• WORK ITEM
Reproduce the listing below word for word and exclude any picture.

• INFORMATION SHOWN
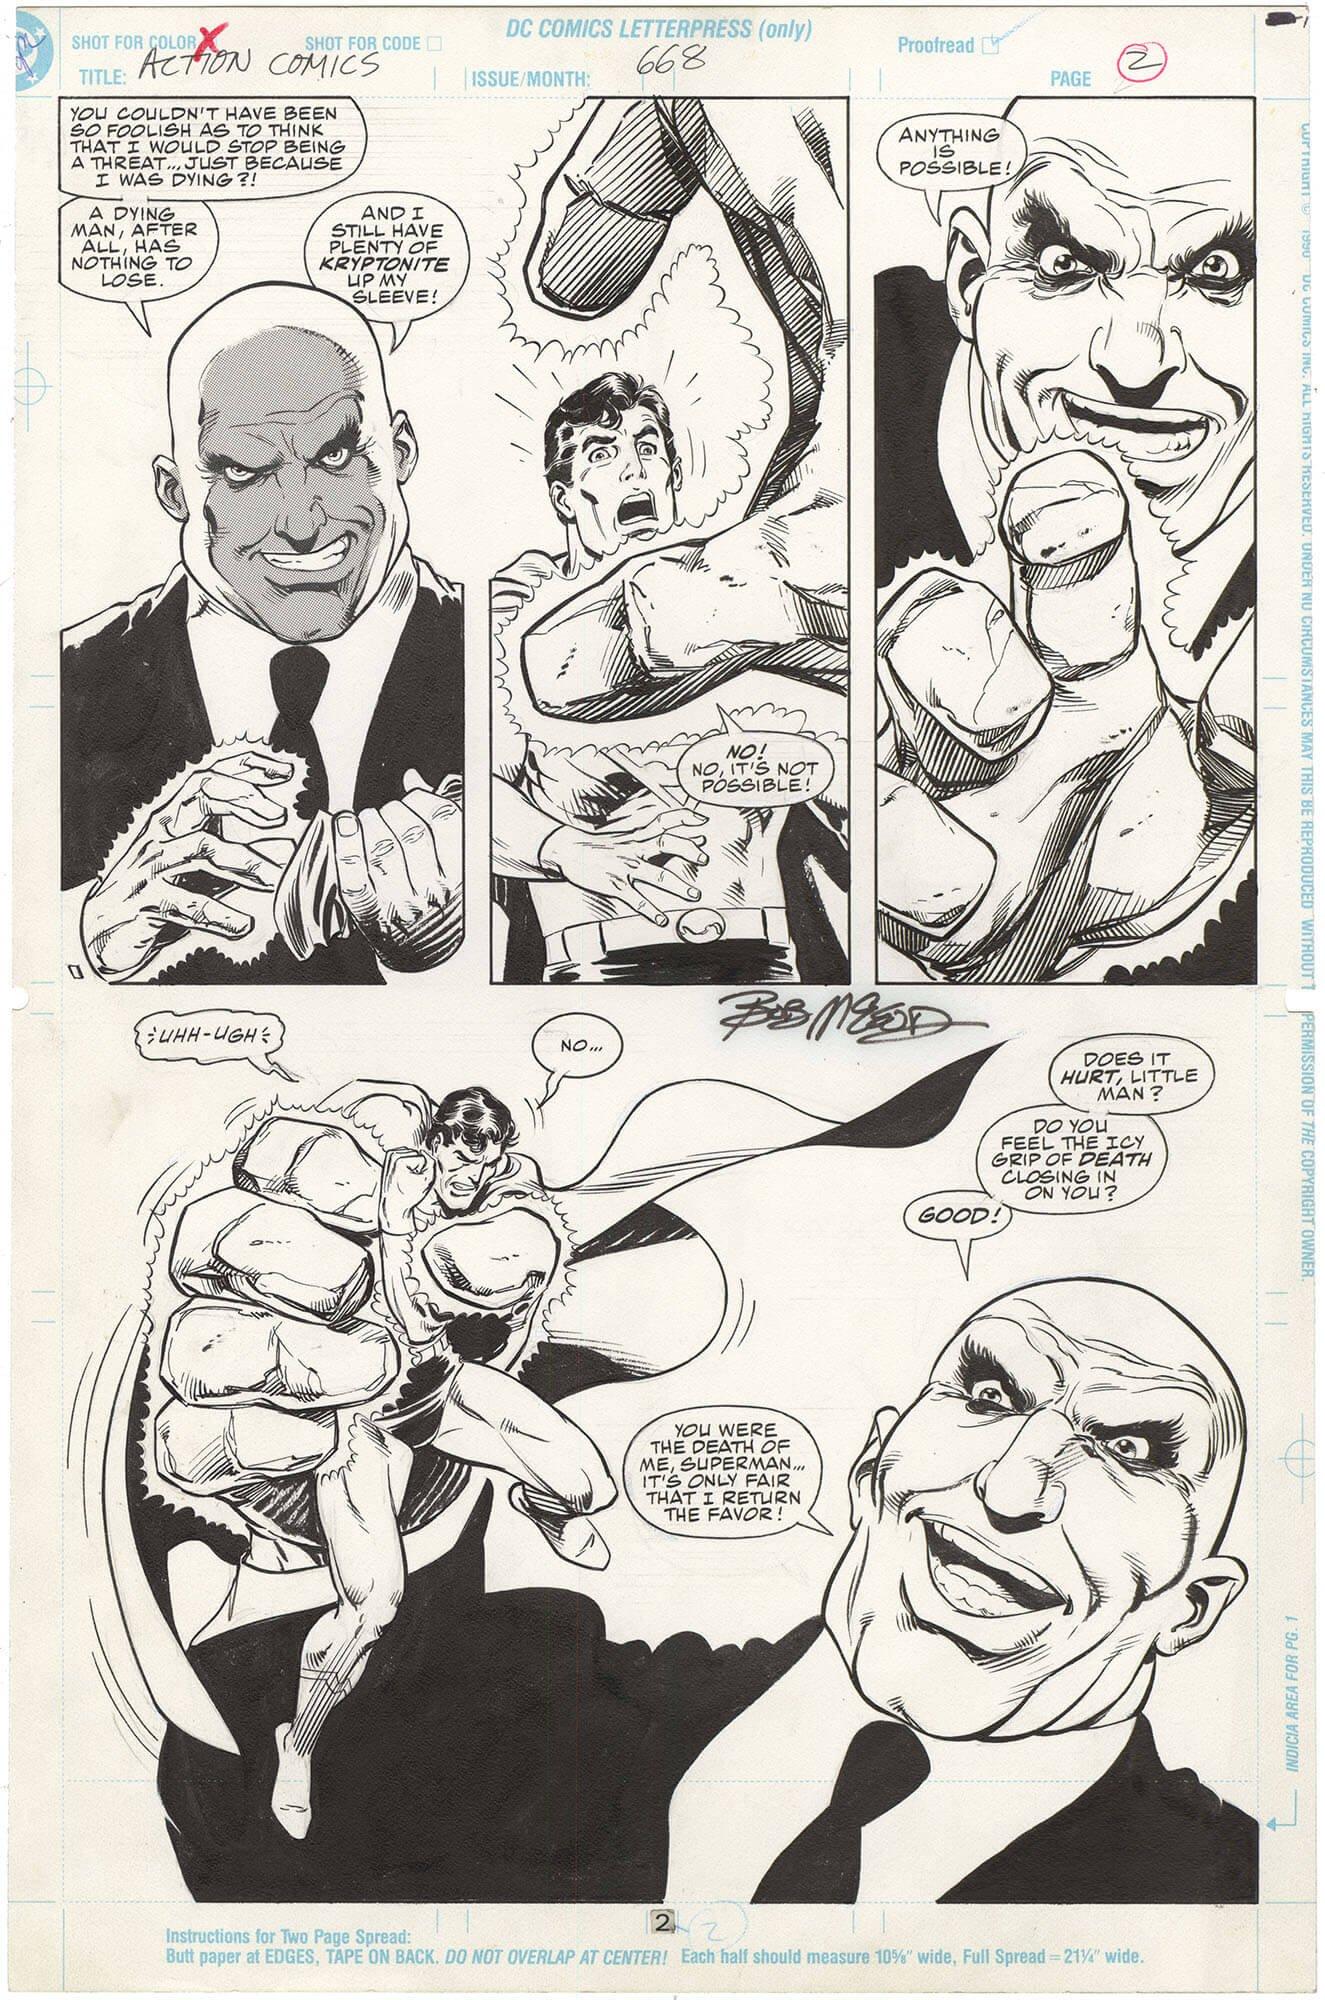 Action Comics #668 p2 (Half Splash-Signed)
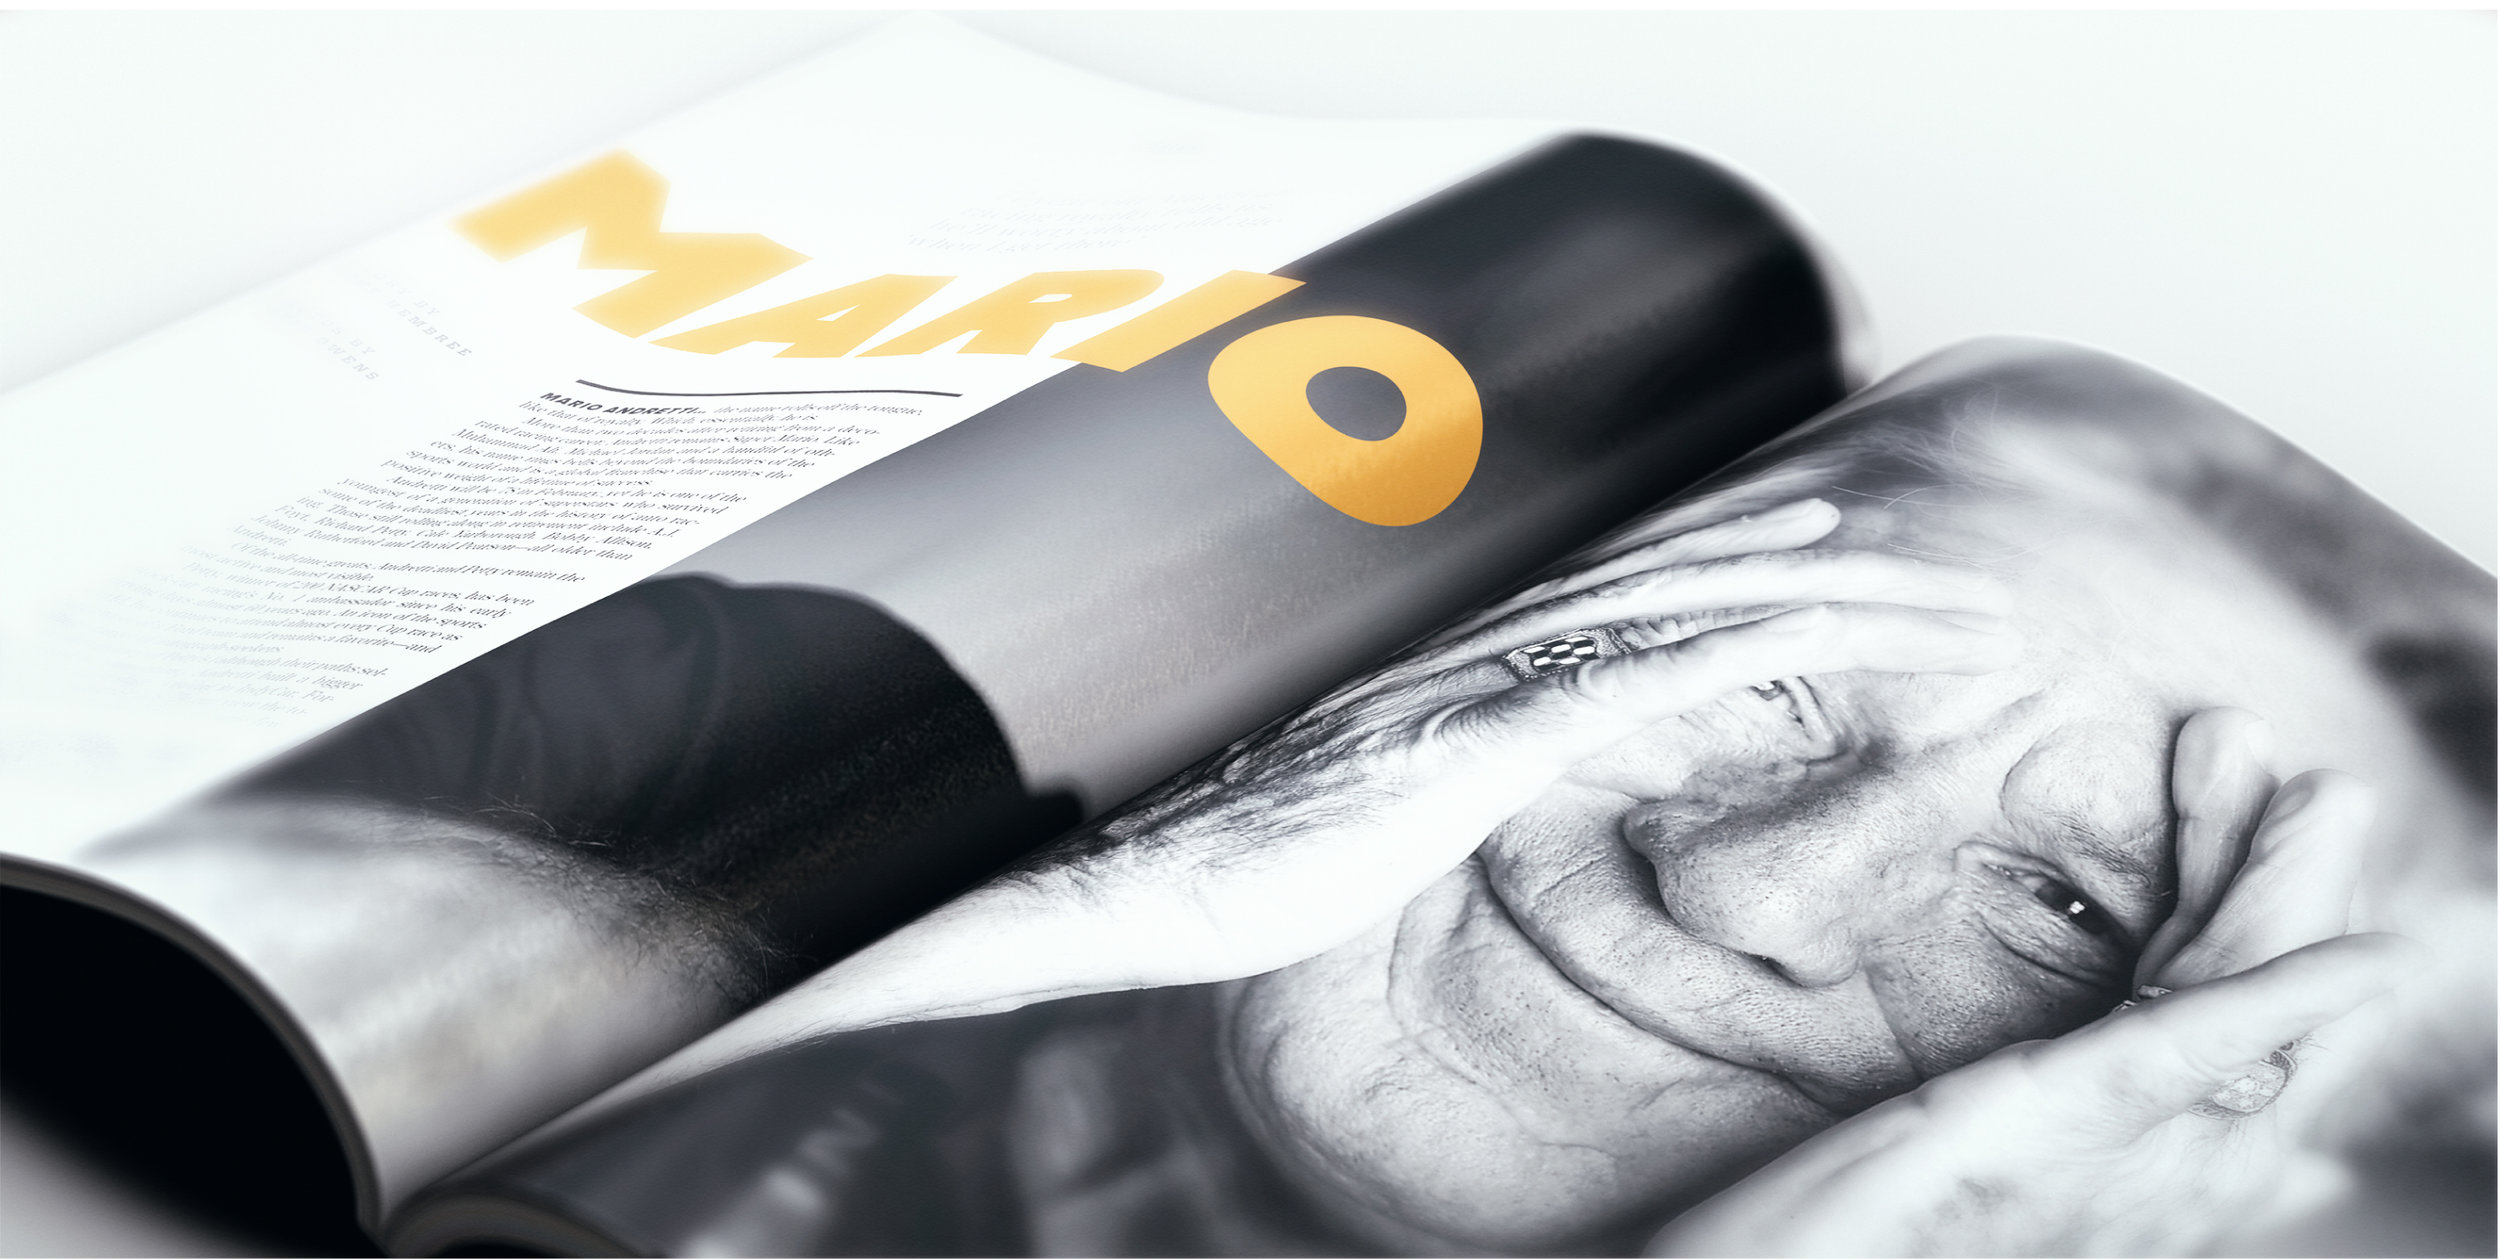 autoweek-magazine-mockup3@2x-100.jpg
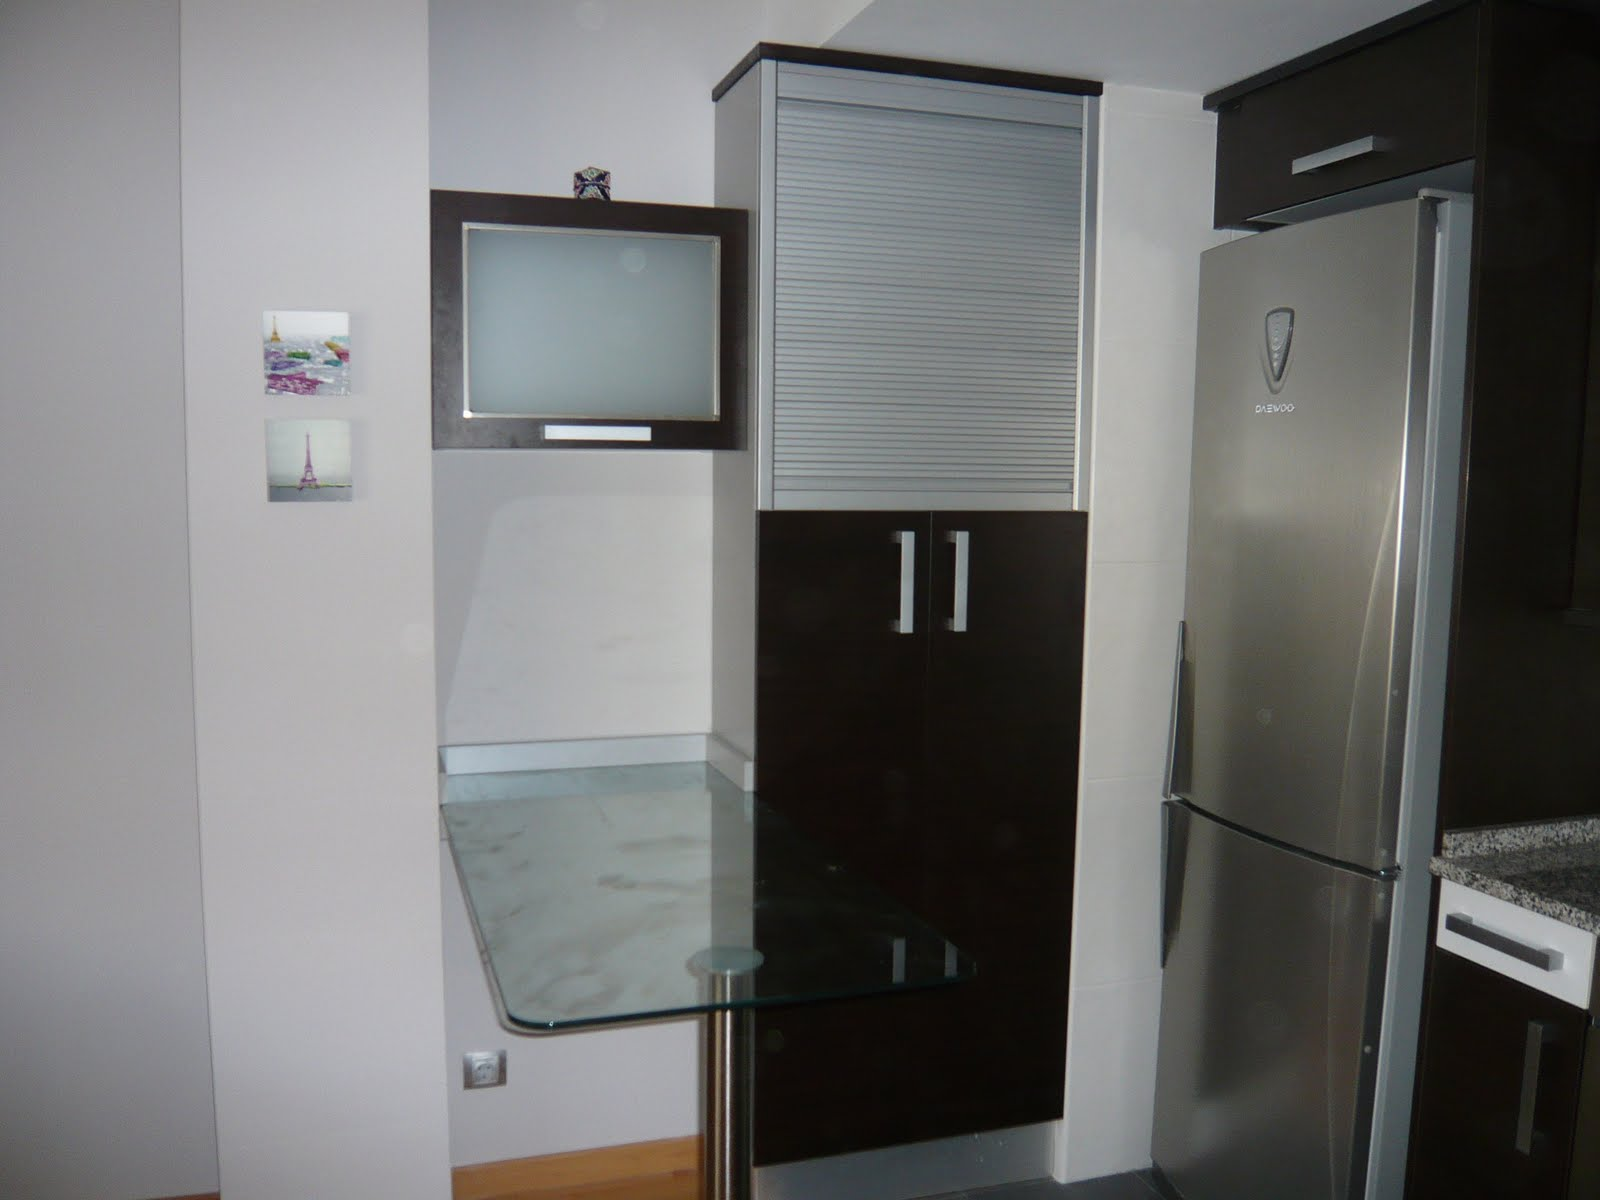 Reuscuina ampliacion muebles de cocina - Persiana mueble cocina ...

• ANSWER BOX
 Action Comics #668 p2 (Half Splash-Signed)
 autoweek-magazine-mockup3@2x-100.jpg
 Reuscuina ampliacion muebles de cocina - Persiana mueble cocina ...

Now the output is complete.